The Importance of Drafting a Last Will and Testament

Good estate planning involves taking control over what happens to your property and assets after your death, and knowing your loved ones will be cared for. There are many tools available to help you plan your estate, and one of the most important of these is your Will. Many people sincerely intend to create a will, but most do not actually follow through with their intentions. Excuses for not drafting a will usually involve waiting for a certain event, such as the purchase of a house, the sale of a business, the birth of a child or a marriage. The thought usually goes something along the lines of, “I will make a will once…X happens.”
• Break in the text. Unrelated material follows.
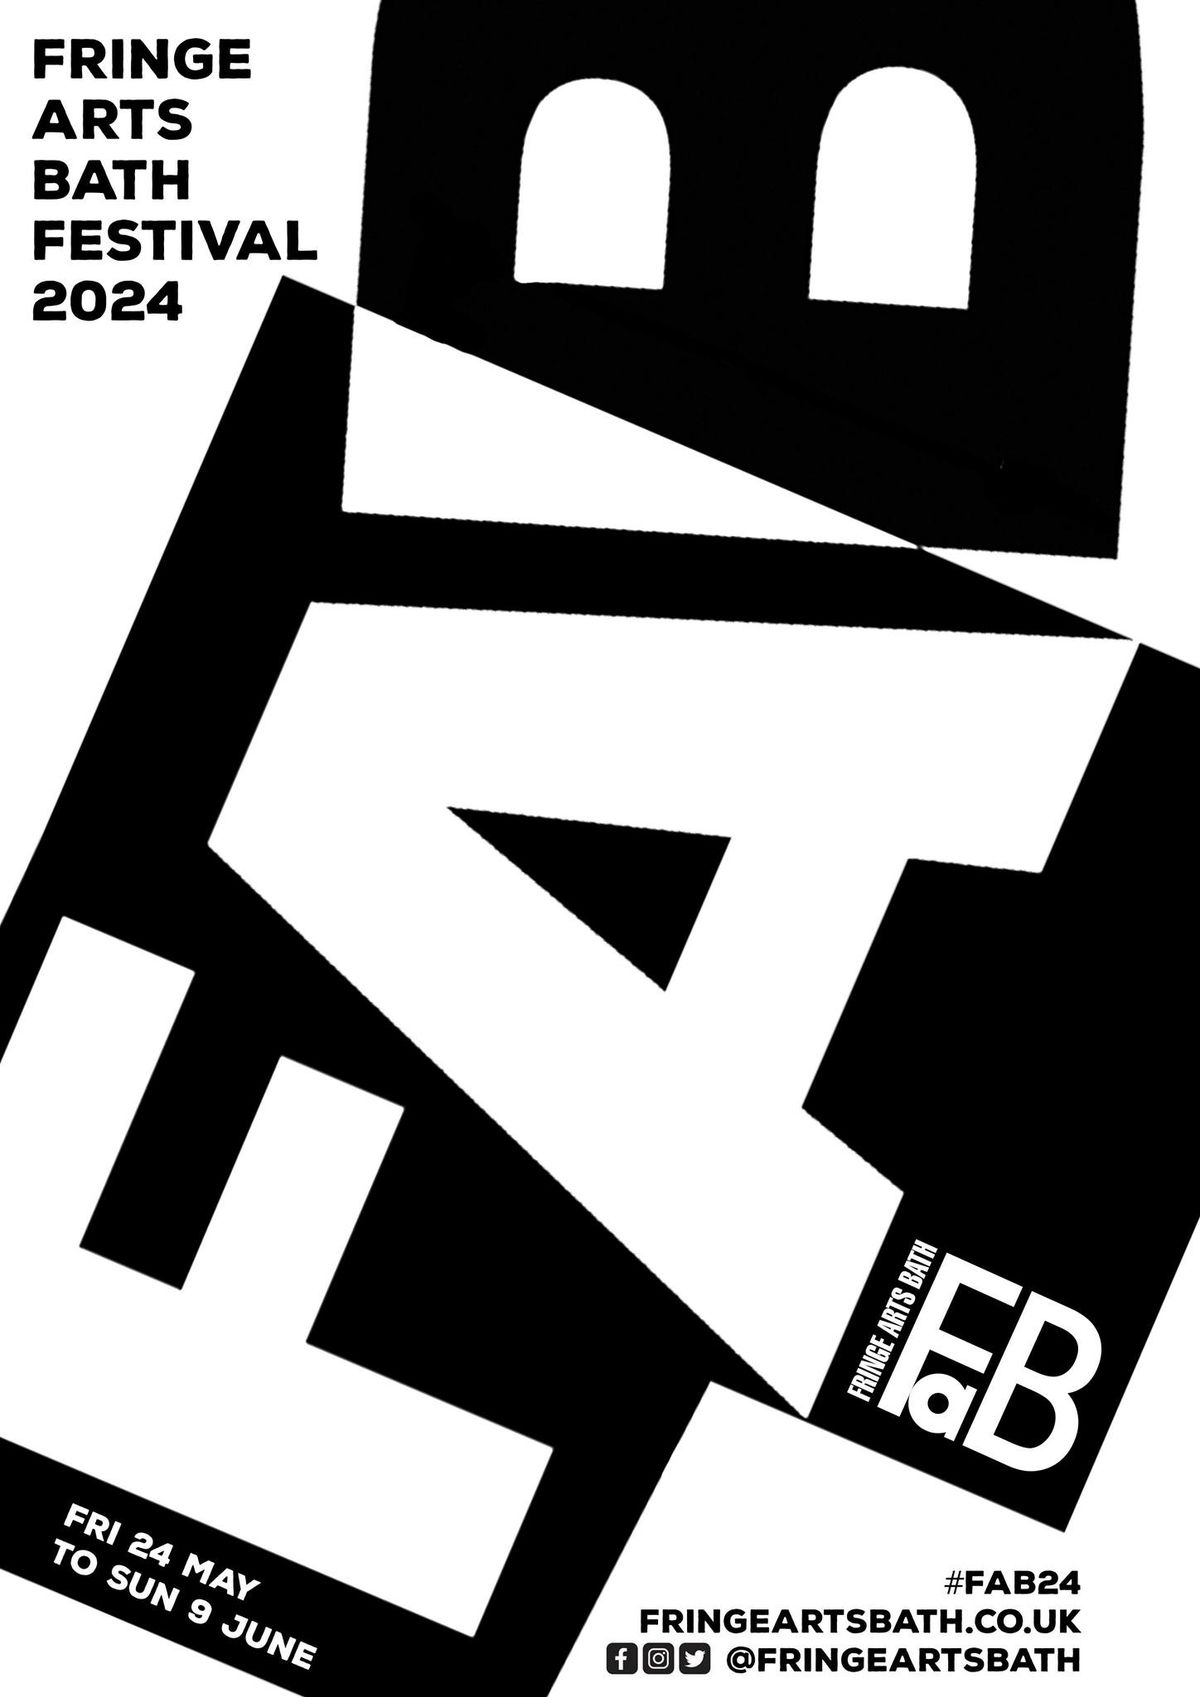 Fringe Arts Bath festival 2024 - 24 May to 8 June

No matter what your intentions or how many landmarks you may set for drafting a Will, our lives are filled with so much change and uncertain circumstances that there will always be another easy excuse to wait just a little while longer. That is why the best time to start working with a lawyer to draft a Will is the present. No matter how old you are, or what your current state of health, you should always have a will that is up to date and valid.

One of the biggest advantages of having a Will is that your assets and property are distributed according to your wishes rather than through the decision of a court. If you die without a will, the state will create one for you and decide how your assets will be split using general, generic legal formulas. The state will also appoint guardians for any minor children.

Some things to consider when drafting a Will are:

1. You should determine who is to receive your assets and property and whether they are to receive it directly or in a trust.

2. You should choose an executor for your estate who will make sure your wishes are carried out in a timely and orderly manner.

3. You should take into account your family circumstances by naming a guardian for your children and making plans for loved ones who are disabled, ill or unable to handle an inheritance.

4. You may make business arrangements such as determining how a business will be continued or sold. Business arrangements may also include the arrangement of a program of charitable giving.

5. You may choose to acknowledge or otherwise provide for a child, who may not be your own but in whom you have an interest, or an elderly parent, or another individual.

You will be saving your family from hassle, legal fees and arguments if you establish how you want your assets to be distributed after your death. Creating a valid Last Will and Testament is a critical part of any estate plan.